Tricks to make Gradient Descent converge faster
Trick #1: Normalize your data
You know how you were always trying to fit in as a kid? Well, it turns out that’s good advice for our features to heed.
It can be proved that if your features have greatly varying ranges, then it would almost certainly take longer for gradient descent to find the local minima.
For example, let’s take the features below:
\(x_1\) = Size of the bedroom (0 - 2000 ft\(^2\))
\(x_2\) = Number of bedrooms (1 - 5 rooms)
The ideal feature would fit within the range \(-1 \le x \le +1\)
Just keep in mind that this is an approximate range ( \(-2 \le x \le 3 \) is fine too .. but \(-1,000 \le x \le 250\) is not)
Knowing what we know now, we can easily normalize \(x_1, x_2\) to fit within that range by doing:
\[x_1 = \frac{\text{Size of bedroom}}{2000}\] \[x_2 = \frac{\text{Number of bedrooms}}{5}\]Voila, we’re all done.

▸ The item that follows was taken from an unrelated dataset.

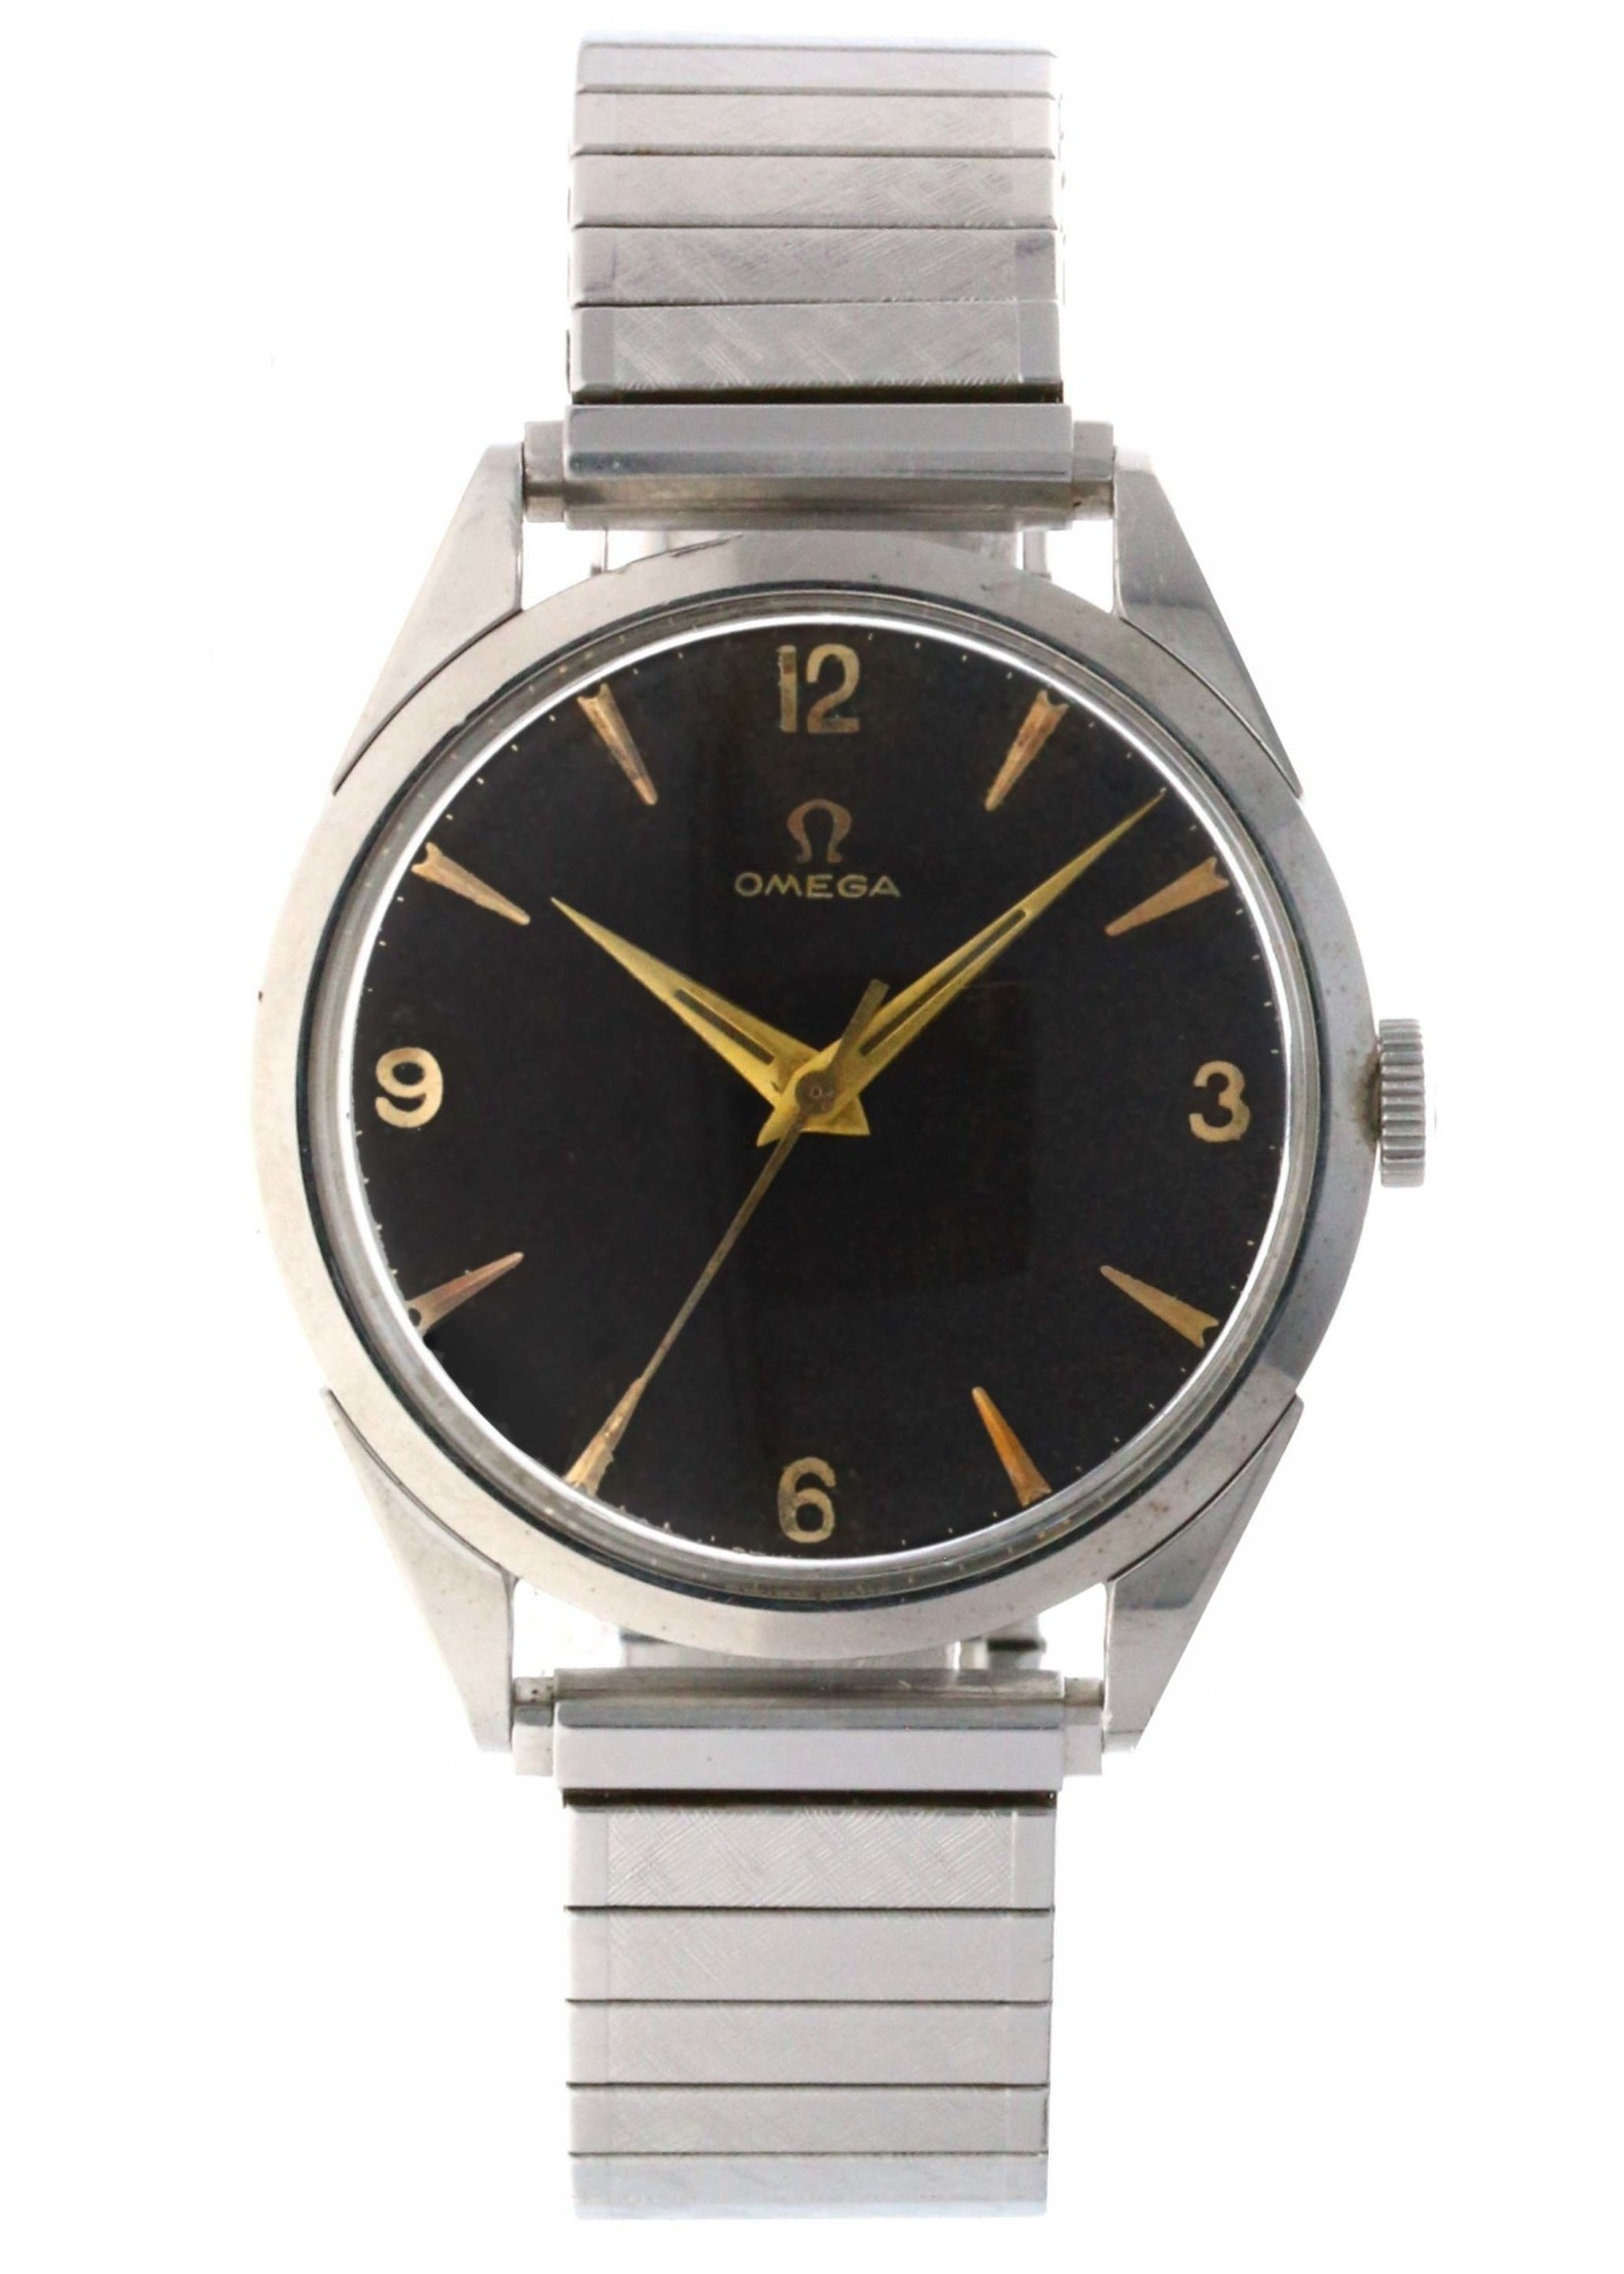 Omega Watches Vintage Omega #2910-2 sc
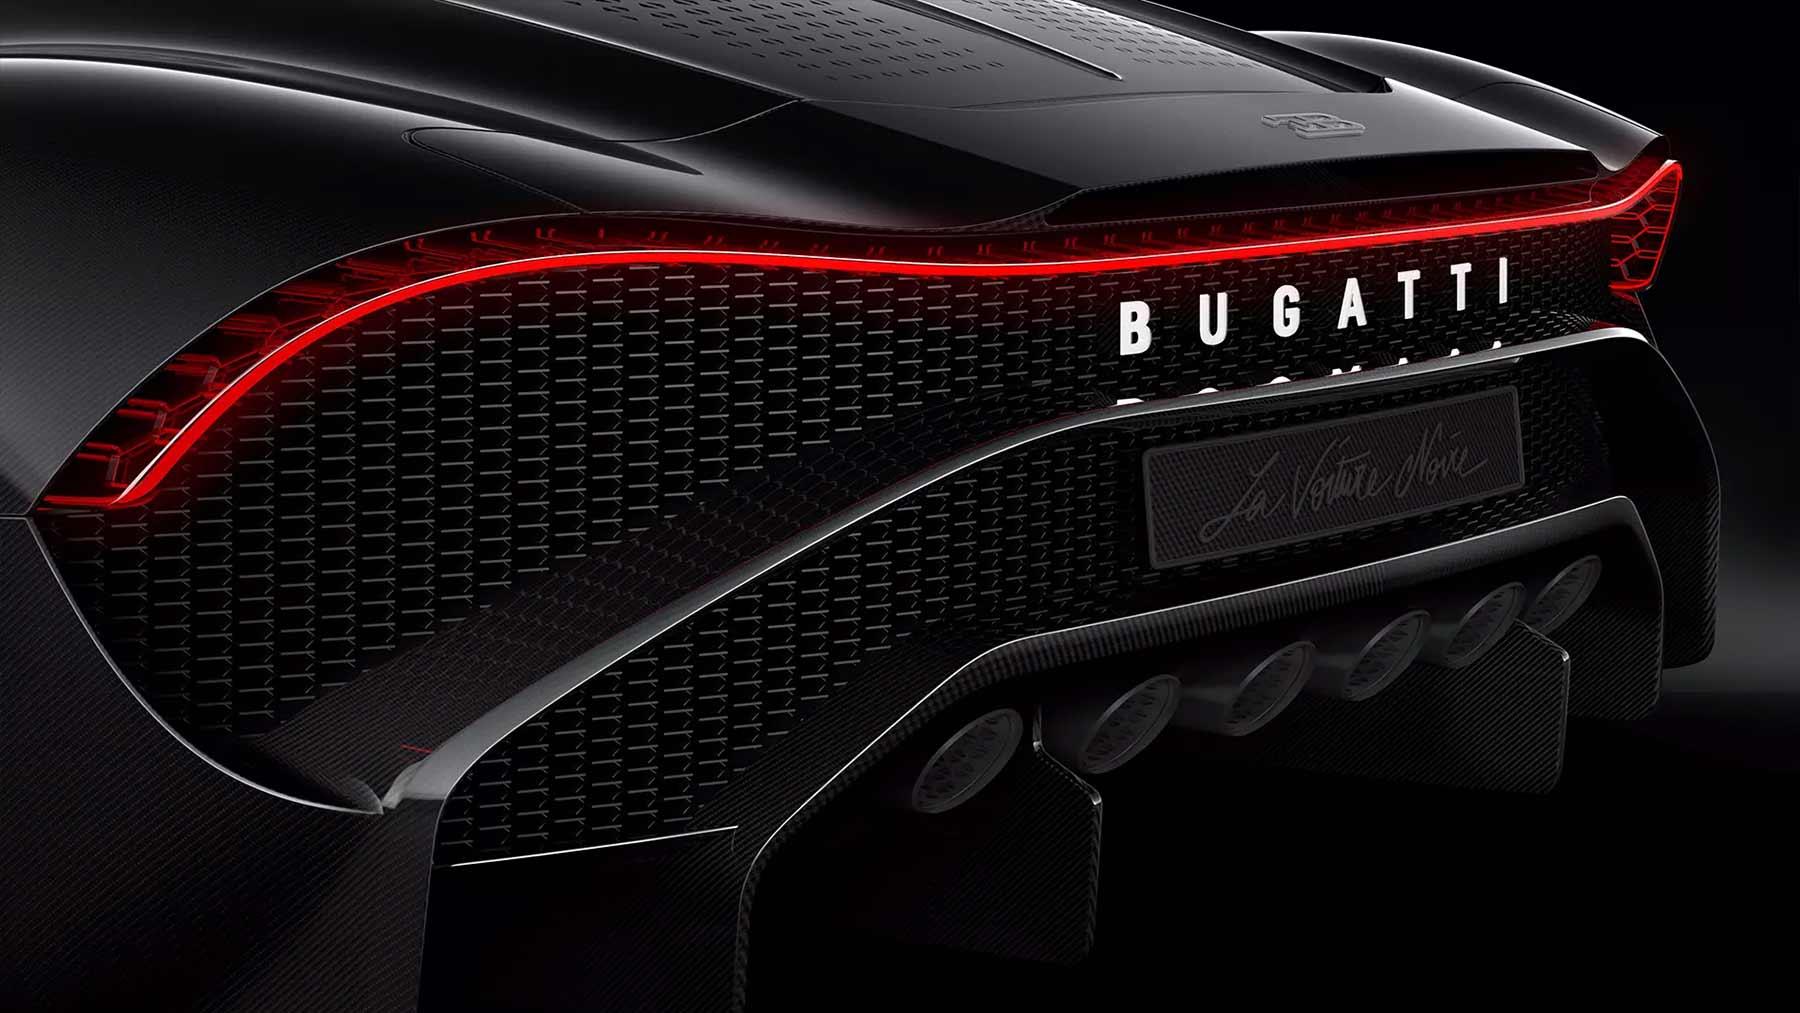 Bugatti La Voiture Noire Bugatti-La-Voiture-Noire_07

Note: There’s another form of normalization called “Mean normalization” where you try to center the averages. Frankly, I’m feeling way too lazy to be writing about that right now .. so we’re skipping it. Read about it here if you dig that sort of thing.
Trick #2: Picking a learning rate, \(\alpha\)
We’ve discussed \(\alpha\) before, but we haven’t really talked much about how we initially decide on what value to choose.
Turns out, you just gotta try a bunch of values and see what works best. Rather than brute forcing every number in existence though, you can take a more visual approach.
Try to plot number of iterations
vs. \(J(\theta)\):
If your \(J(\theta)\) isn’t decreasing after every iteration, then something isn’t right.
You can try the following values for \(\alpha\), starting with the smallest and moving up (until you see the values diverge):
0.001
, 0.003
, 0.01
, 0.03
, 0.1
, 0.3
, 1
(so basically just start at 0.001
and keep multiplying by approx. 3)
Interesting Note
An interesting aside is that you can make all sorts of crazy changes to your initial data and magically conjure new features that way.
The action starts with a plot of the feature itself vs. the output you’re measuring:
Looking at this curve, you might think .. you know what? There kinda looks like there might be some square-root relationship going on between the \(x\) and the \(y\) .. so why don’t I just use \(\sqrt(x)\) as a feature instead of plain old \(x\) (or even in addition to the \(x\)).
That’s totally cool. Now, you’re hypothesis would look like:
\[h(\theta) = \theta_0 + \theta_1 x + \theta_2 \sqrt{x}\]